PROVIDED MATERIAL START
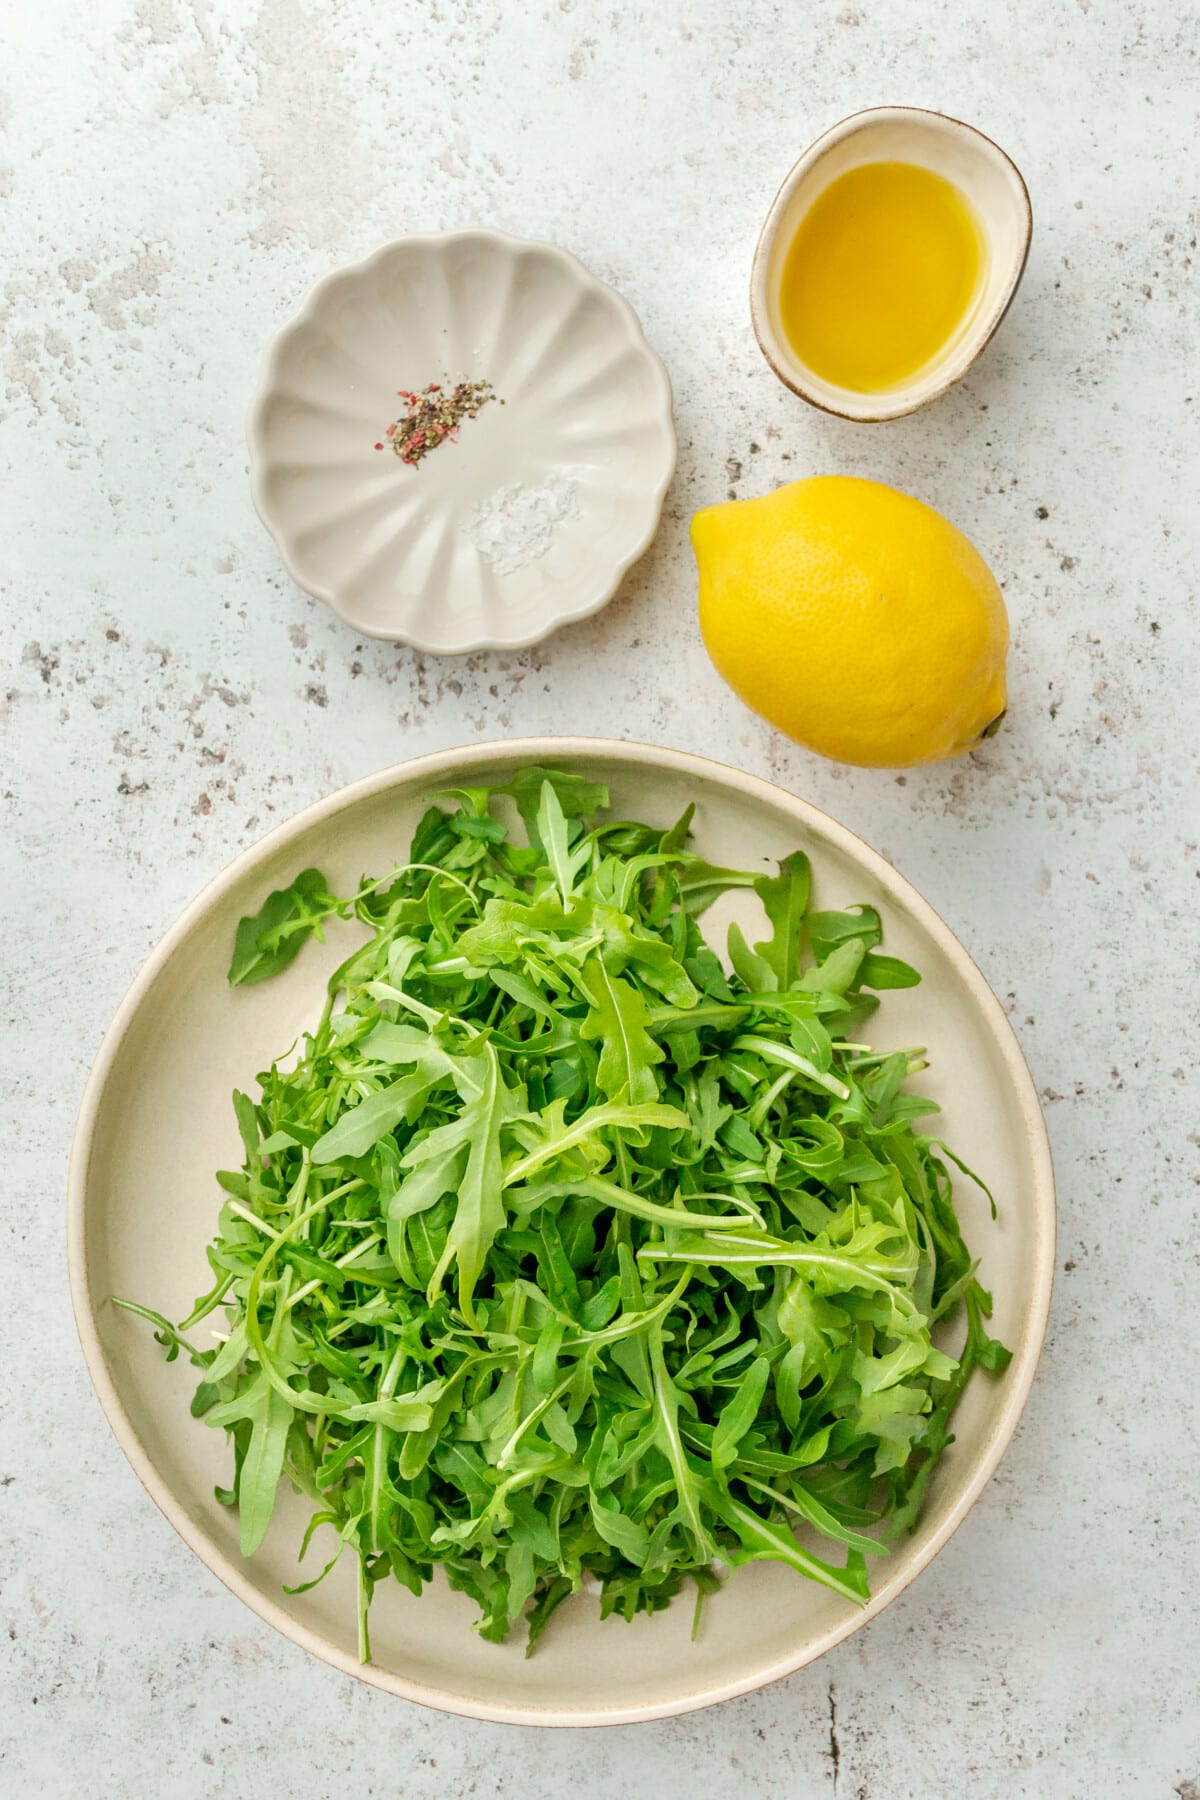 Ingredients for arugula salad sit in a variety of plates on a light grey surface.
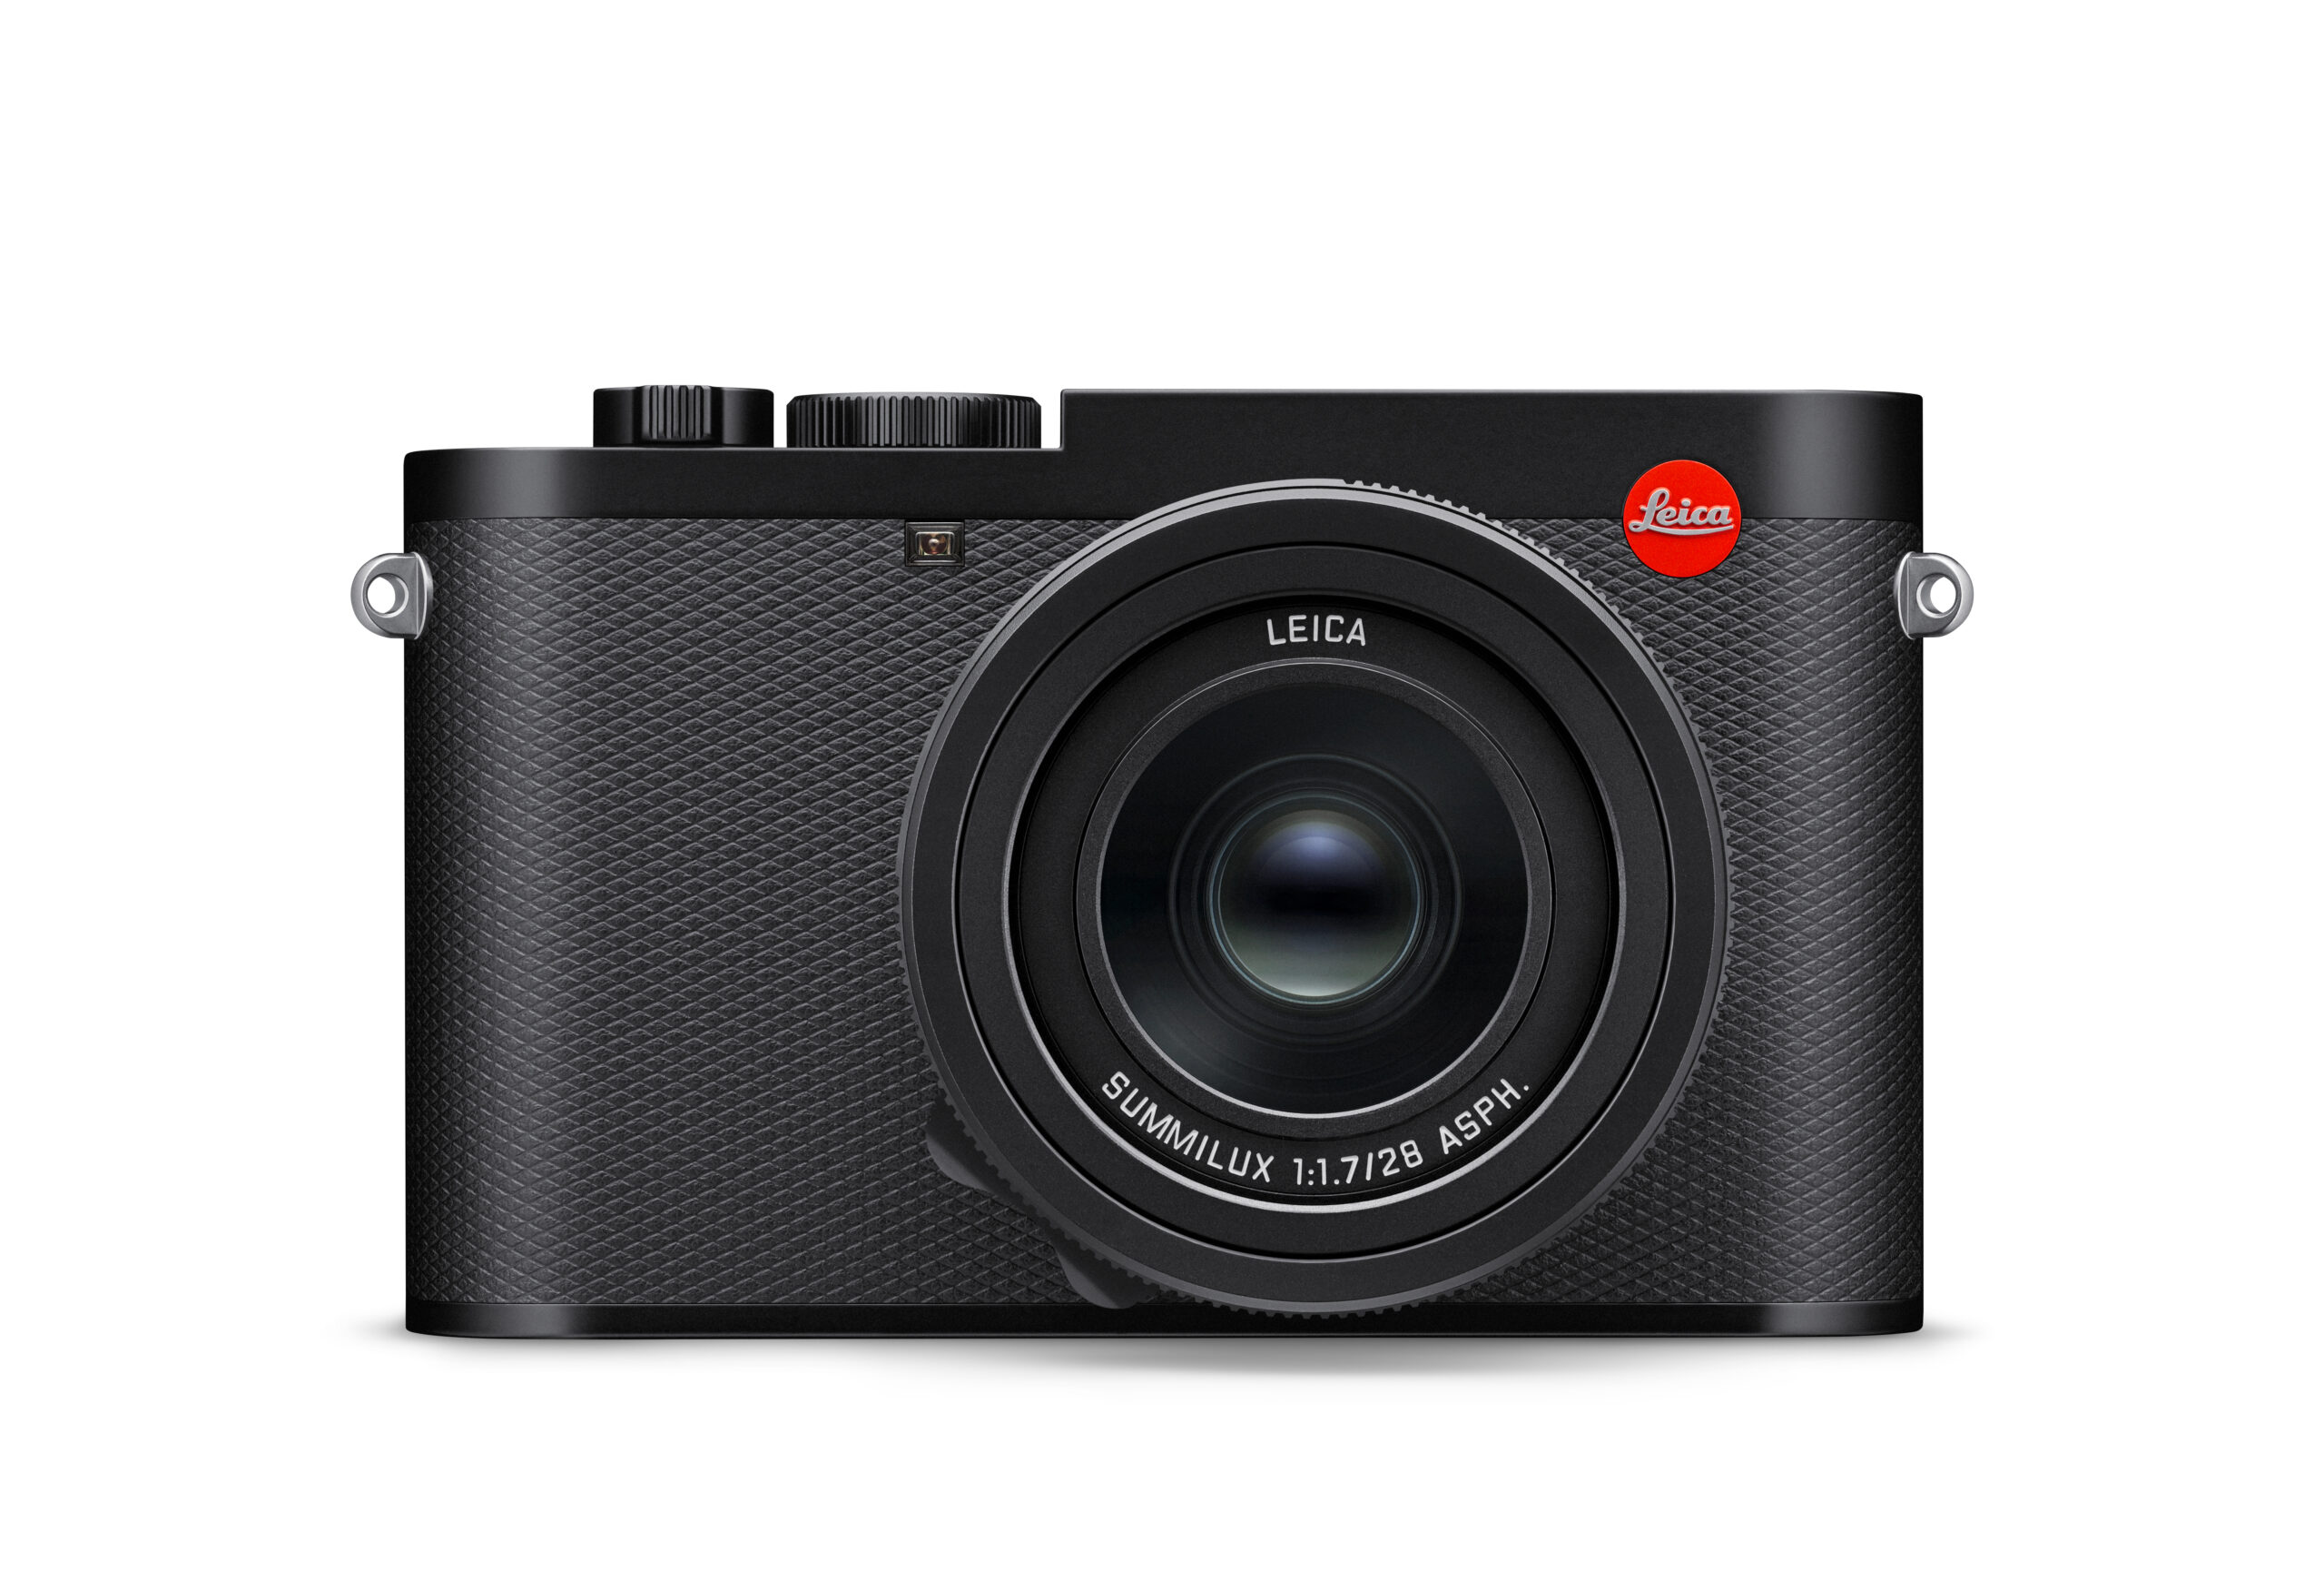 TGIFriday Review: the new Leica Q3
PROVIDED MATERIAL END
PROVIDED MATERIAL START
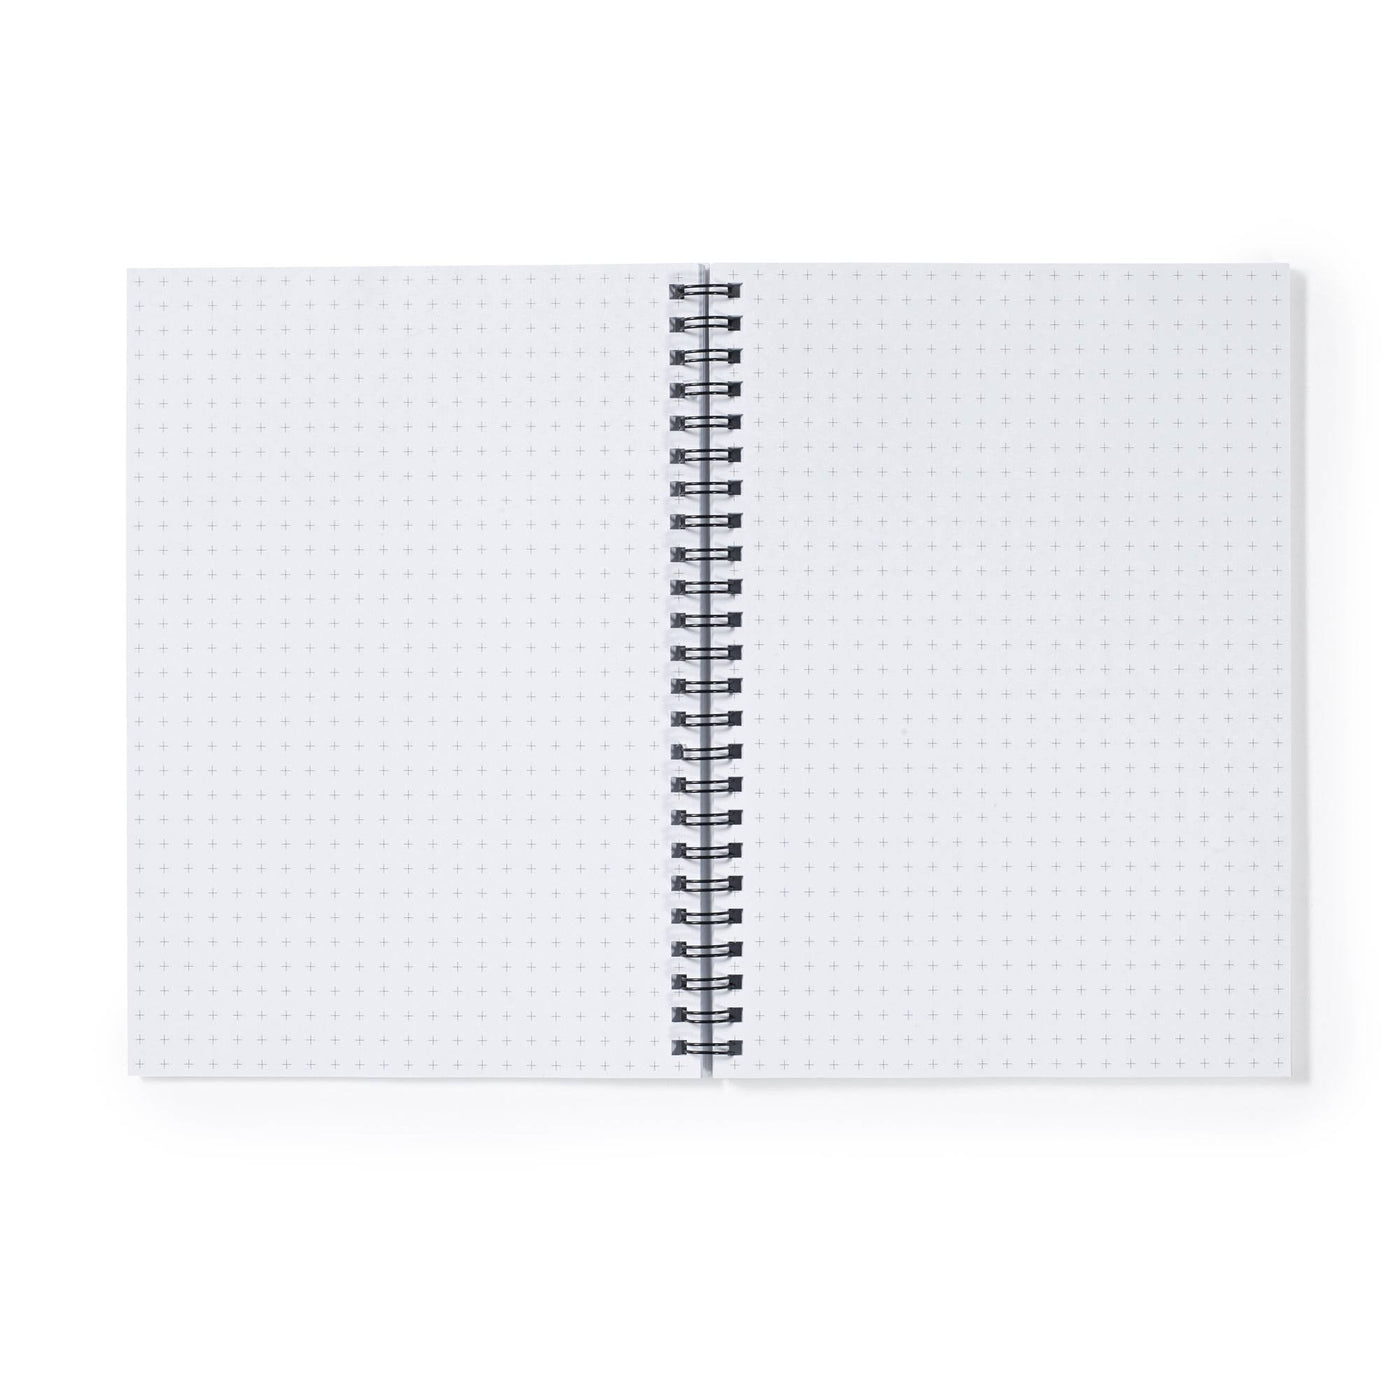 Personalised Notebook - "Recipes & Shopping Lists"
PROVIDED MATERIAL END
PROVIDED MATERIAL START
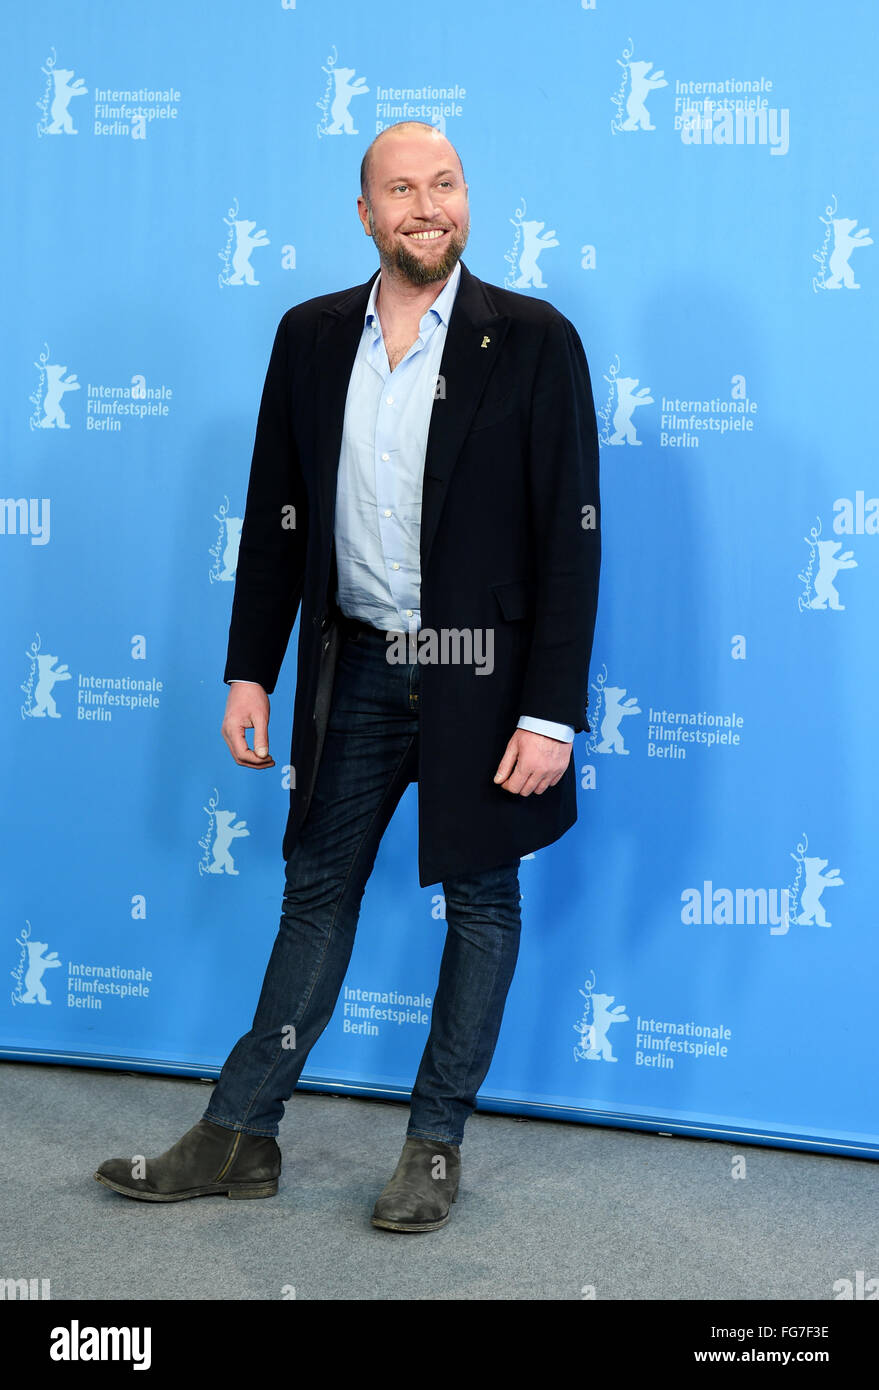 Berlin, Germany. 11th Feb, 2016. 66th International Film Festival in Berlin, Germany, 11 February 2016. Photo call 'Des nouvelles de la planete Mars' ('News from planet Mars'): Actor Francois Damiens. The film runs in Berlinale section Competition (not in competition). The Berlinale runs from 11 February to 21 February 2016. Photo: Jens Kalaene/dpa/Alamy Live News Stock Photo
PROVIDED MATERIAL END
TO DO —
In the listing above, find the line containing "Ingredients for arugula" and the line containing "TGIFriday Review: the new Leica Q3", then return both of them and every line between, exactly, without pictures.

SOLUTION —
 Ingredients for arugula salad sit in a variety of plates on a light grey surface.
 TGIFriday Review: the new Leica Q3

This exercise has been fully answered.